On 9/7/19 9:11 PM, Zach Laine wrote:

On Sat, Sep 7, 2019 at 7:31 PM Tom Honermann via Lib <lib@lists.isocpp.org> wrote:

On 9/7/19 8:27 PM, Tony V E wrote:

I think we would want it to be measured in glyphs.

I agree that would be ideal, but...

Stop right there. If that's ideal, let's do that. Or at least, let's leave room for it to be done at some point. Specifying CUs now prevents the ideal from ever being realized.

There are other options. For example, a future extension could allow specifying what units are to be used for field width.

Are you suggesting code points because glyphs are too hard?

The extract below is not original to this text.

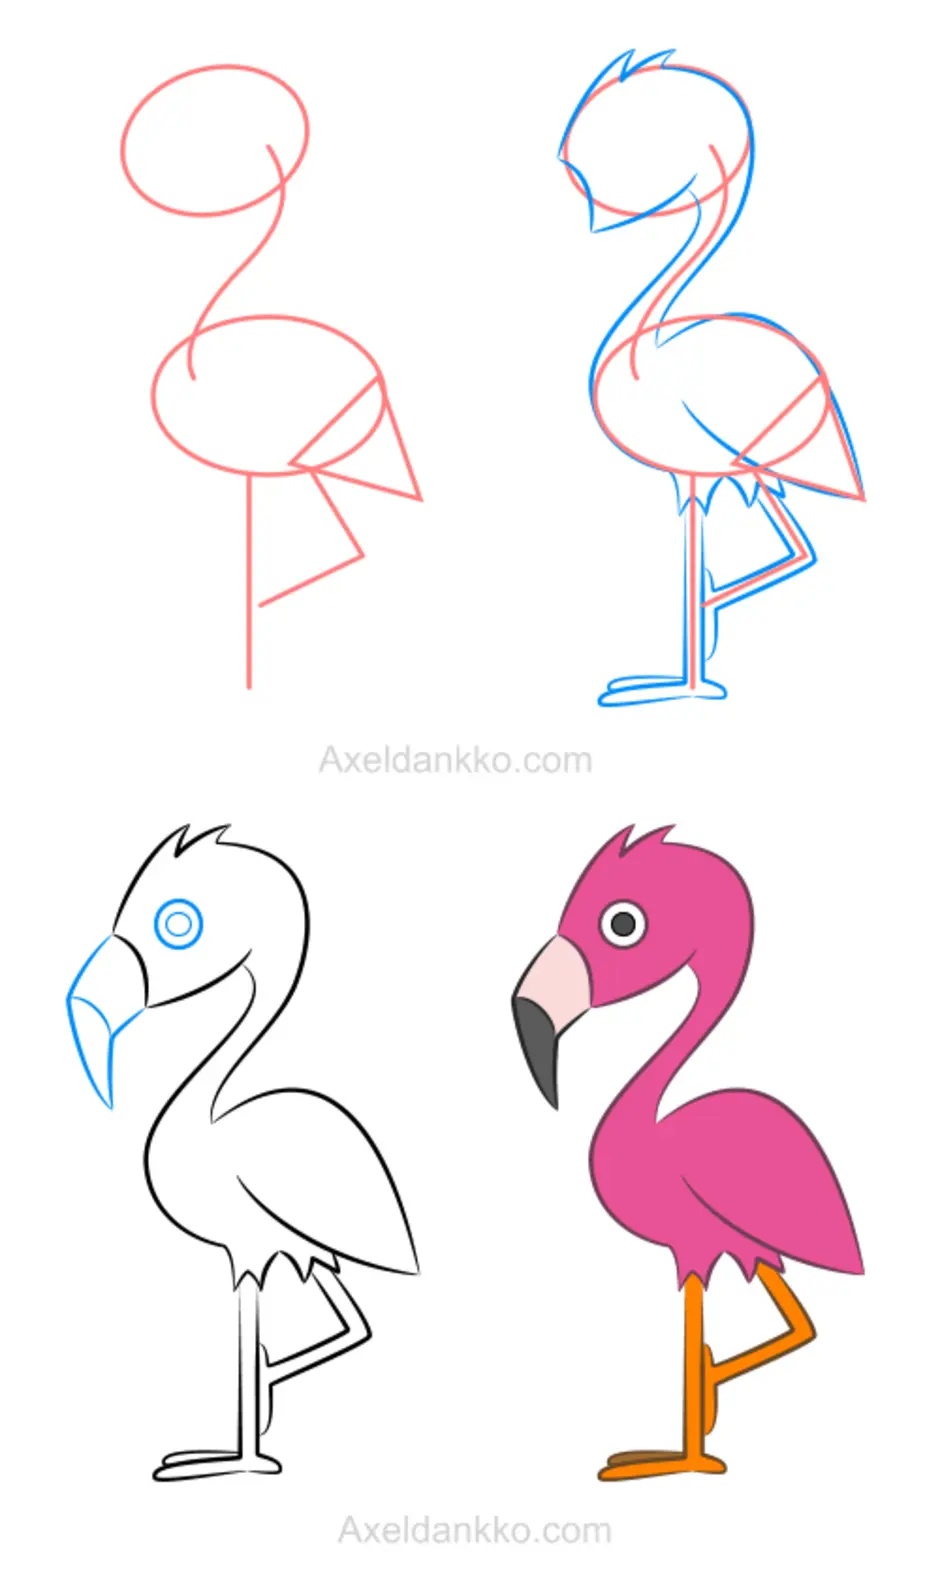 Фламинго легко. Какинарисовать Фламинго. Поэтапное рисование Фламинго для детей. Фламинго карандашом. Фламинго пошагово рисунок.

I don't know how to achieve that. Field width doesn't really work for alignment unless one assumes a monospace font. We could measure in terms of extended grapheme clusters, but EGCS width has changed over time (e.g., family emoji). That makes alignment dependent on both display properties and Unicode version. And, of course, this would drag in locale dependence as well.

If you just count N=EGCs, you get the "right" answer. if your terminal shows more or less than N characters, get a new terminal. What I mean by this is that there should be no consideration of fonts.

I see field width as either indicating storage (number of code units) or alignment. The number of user perceived characters is not useful for aligning text unless a monospace font is assumed. Therefore, storage seems like the more useful measurement. This also aligns with format_to_n and formatted_size which, unless I'm mistaken, work in code units. (It would be nice to clarify the wording for these as well; what is meant by "number of characters in the character representation"?)

As for the need for a locale, I don't get that. Grapheme breaking is simple, and requires no locale info. Do you mean Unicode data? Picking a version and sticking with it should be sufficient. No system that I know of has multiple Unicode versions to pick from programatically.

For char and wchar_t, encoding is locale dependent. Think POSIX LANG=C (probably ASCII or ISO-8859-1) vs LANG=C.UTF-8.

Zach